WORK TO COMPLETE
Repeat exactly the lines below from the line that contains "Chef Select - Lasagne" to the last line, inclusive, without the pictures.

GIVEN INFORMATION

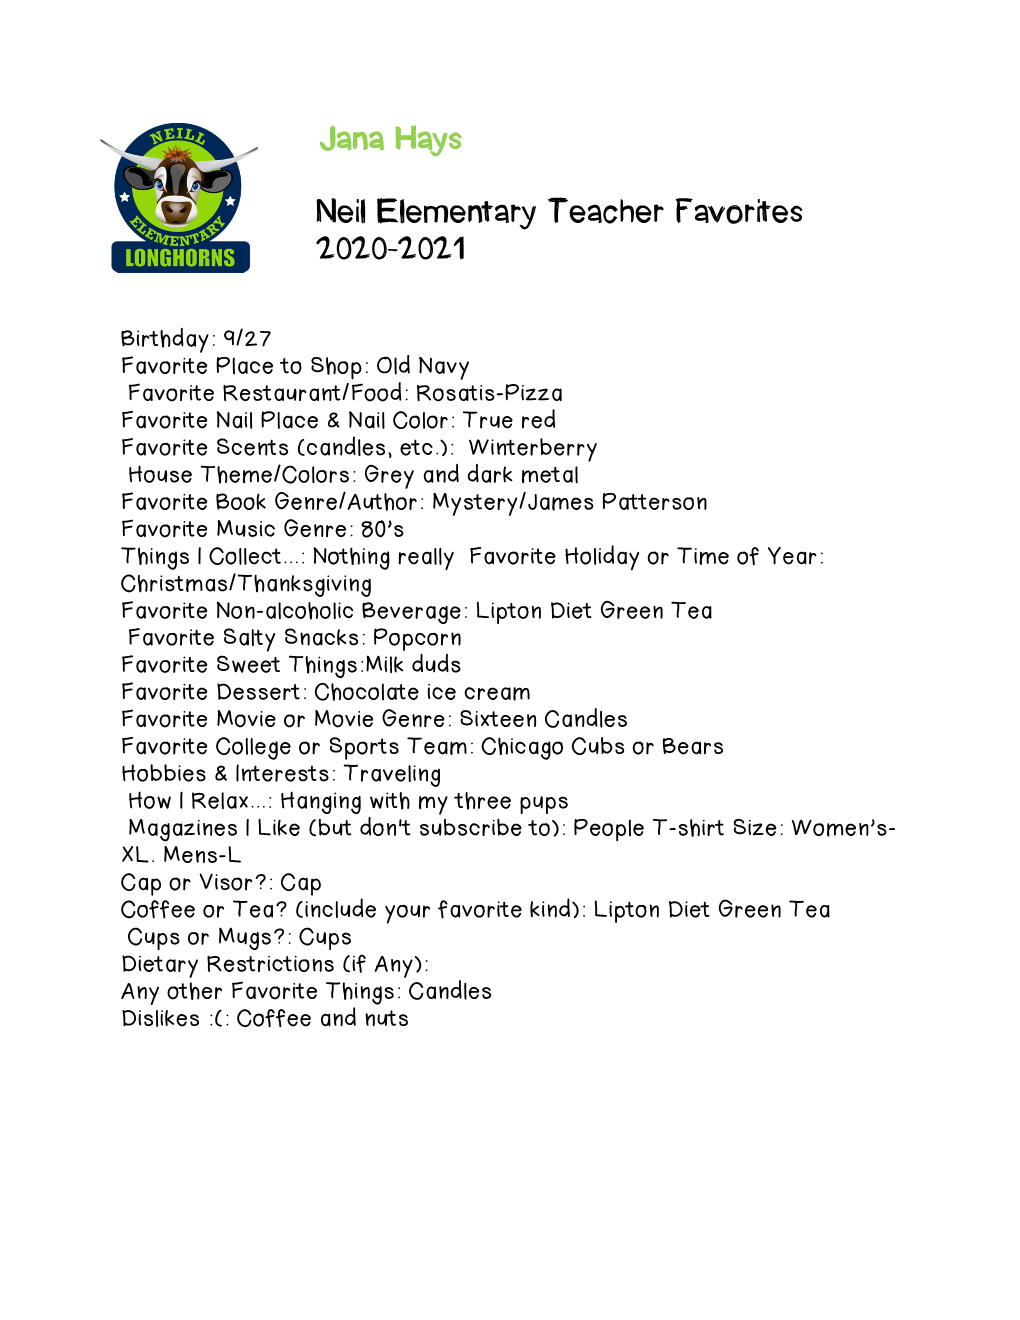 Jana Hays Neil Elementary Teacher Favorites 2020-2021
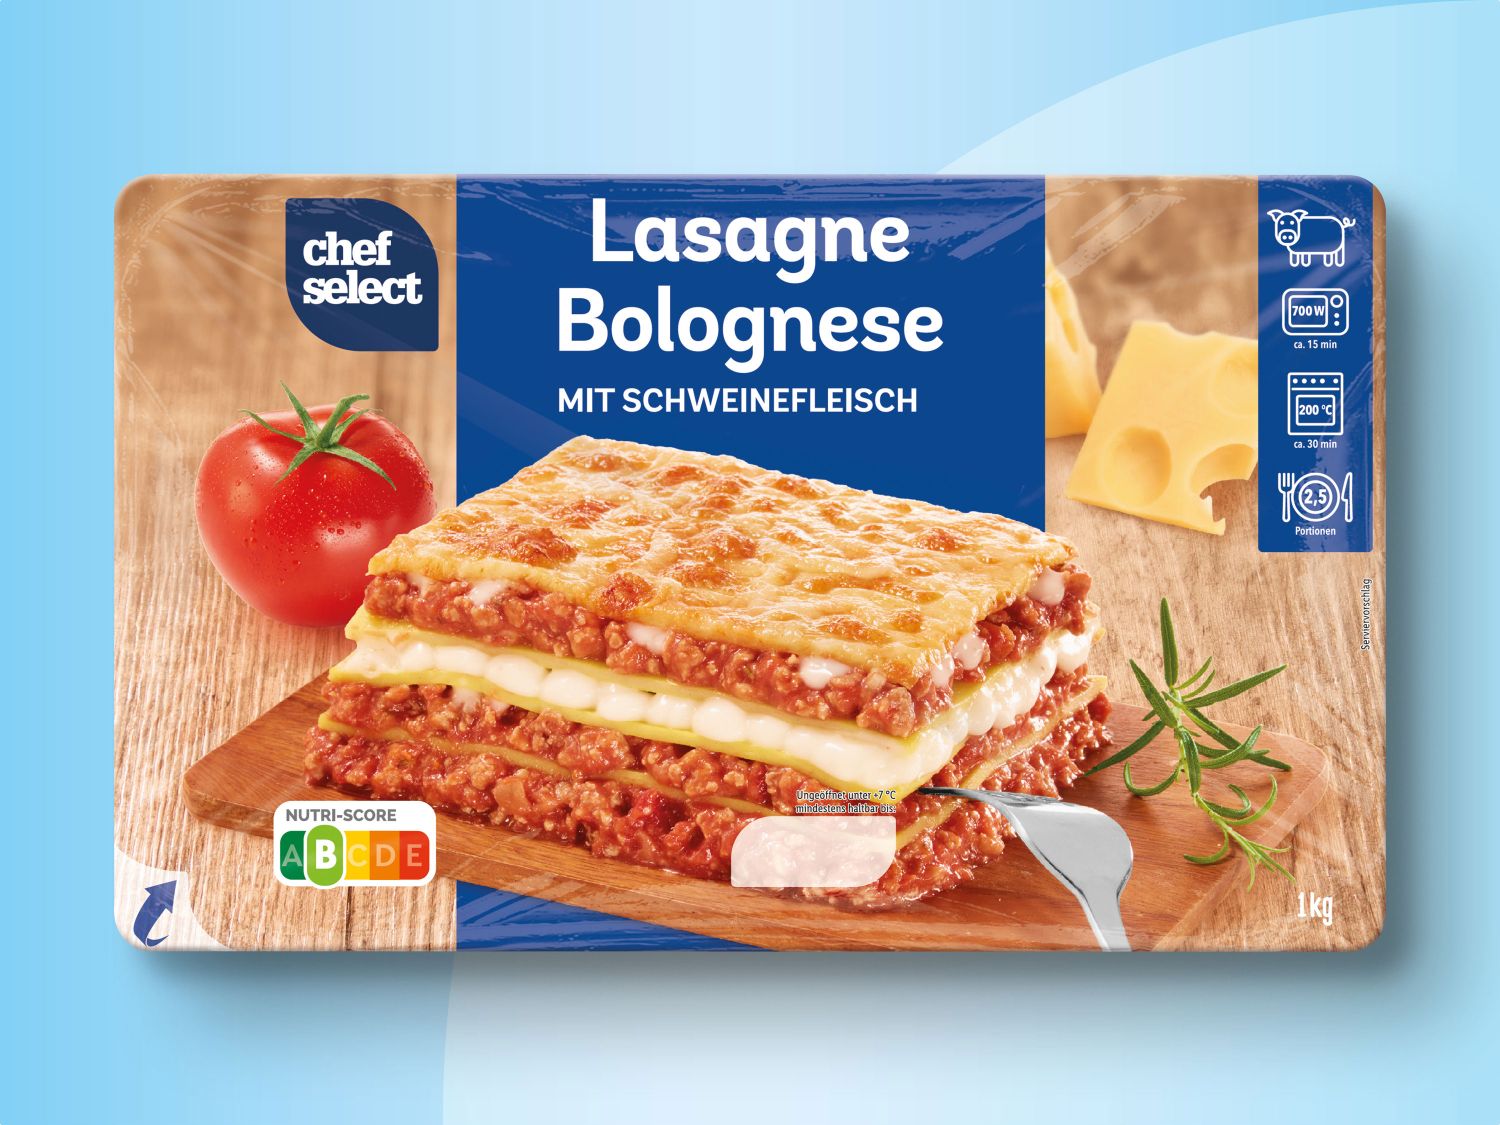 Chef Select - Lasagne Bolognese Deutschland Lidl
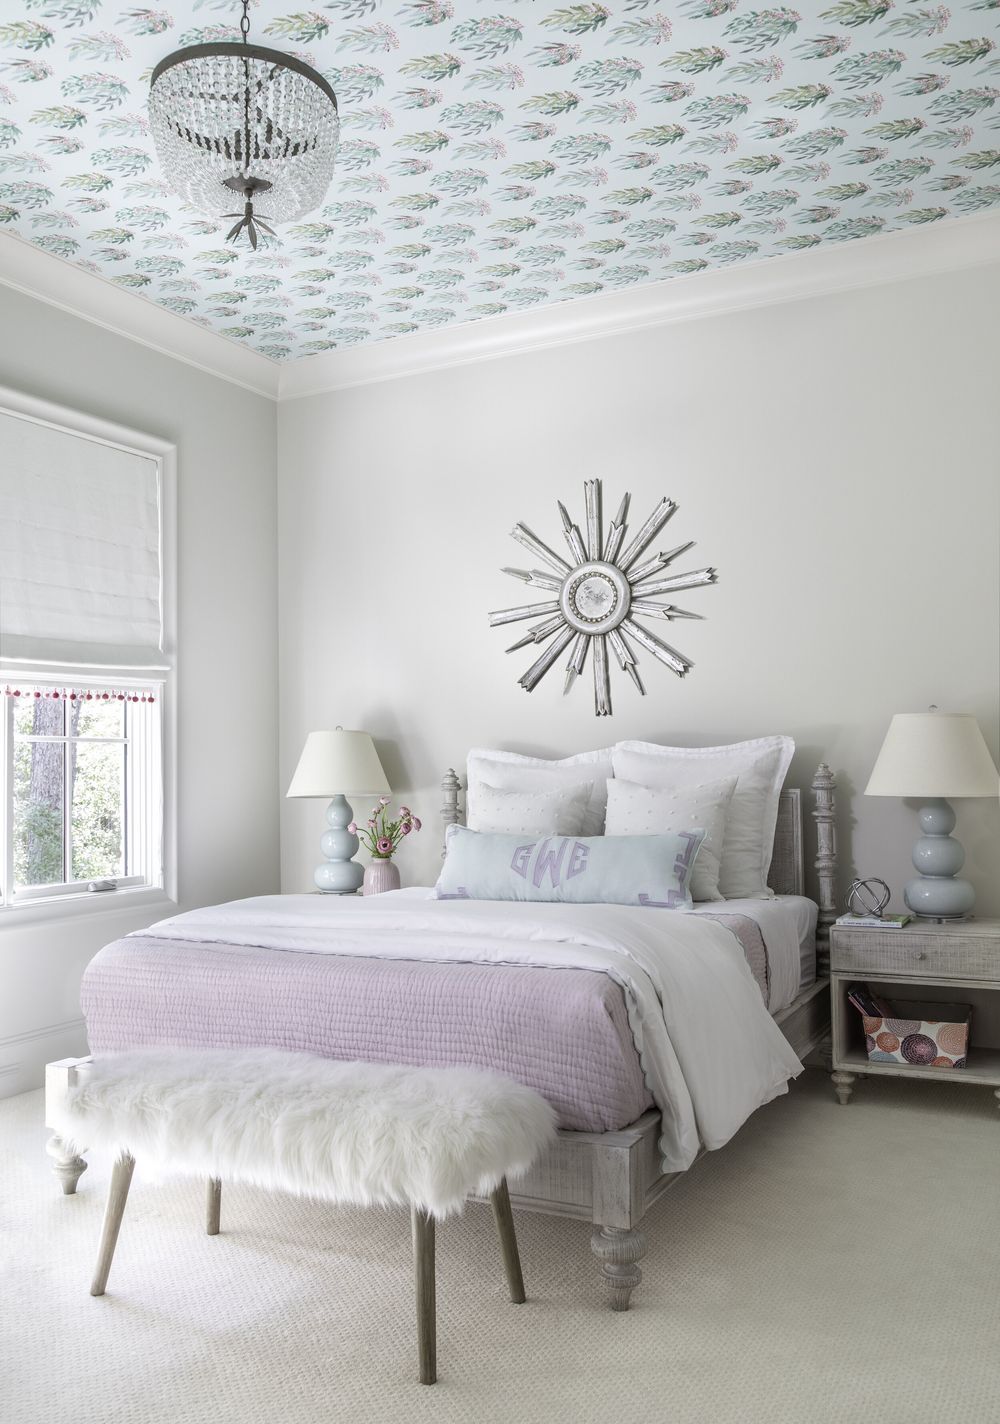 Girls bedroom decor ideas Lavender via Becki Griffin Curious Details
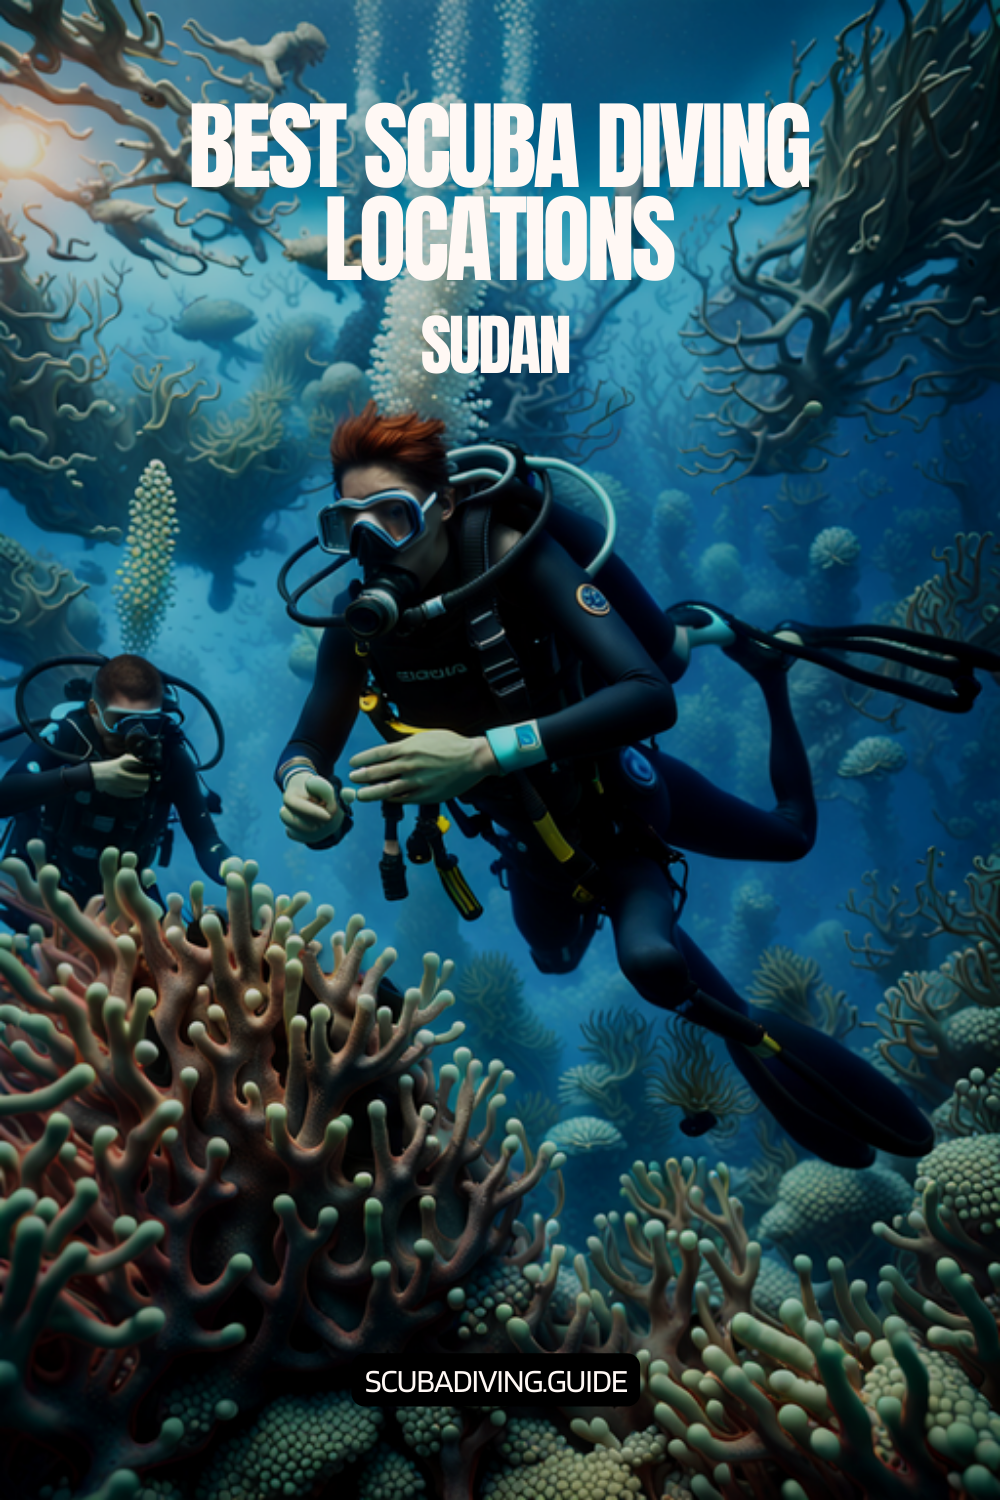 Scuba Diving Locations in Sudan

RESPONSE TO THIS EXERCISE
 Chef Select - Lasagne Bolognese Deutschland Lidl
 Girls bedroom decor ideas Lavender via Becki Griffin Curious Details
 Scuba Diving Locations in Sudan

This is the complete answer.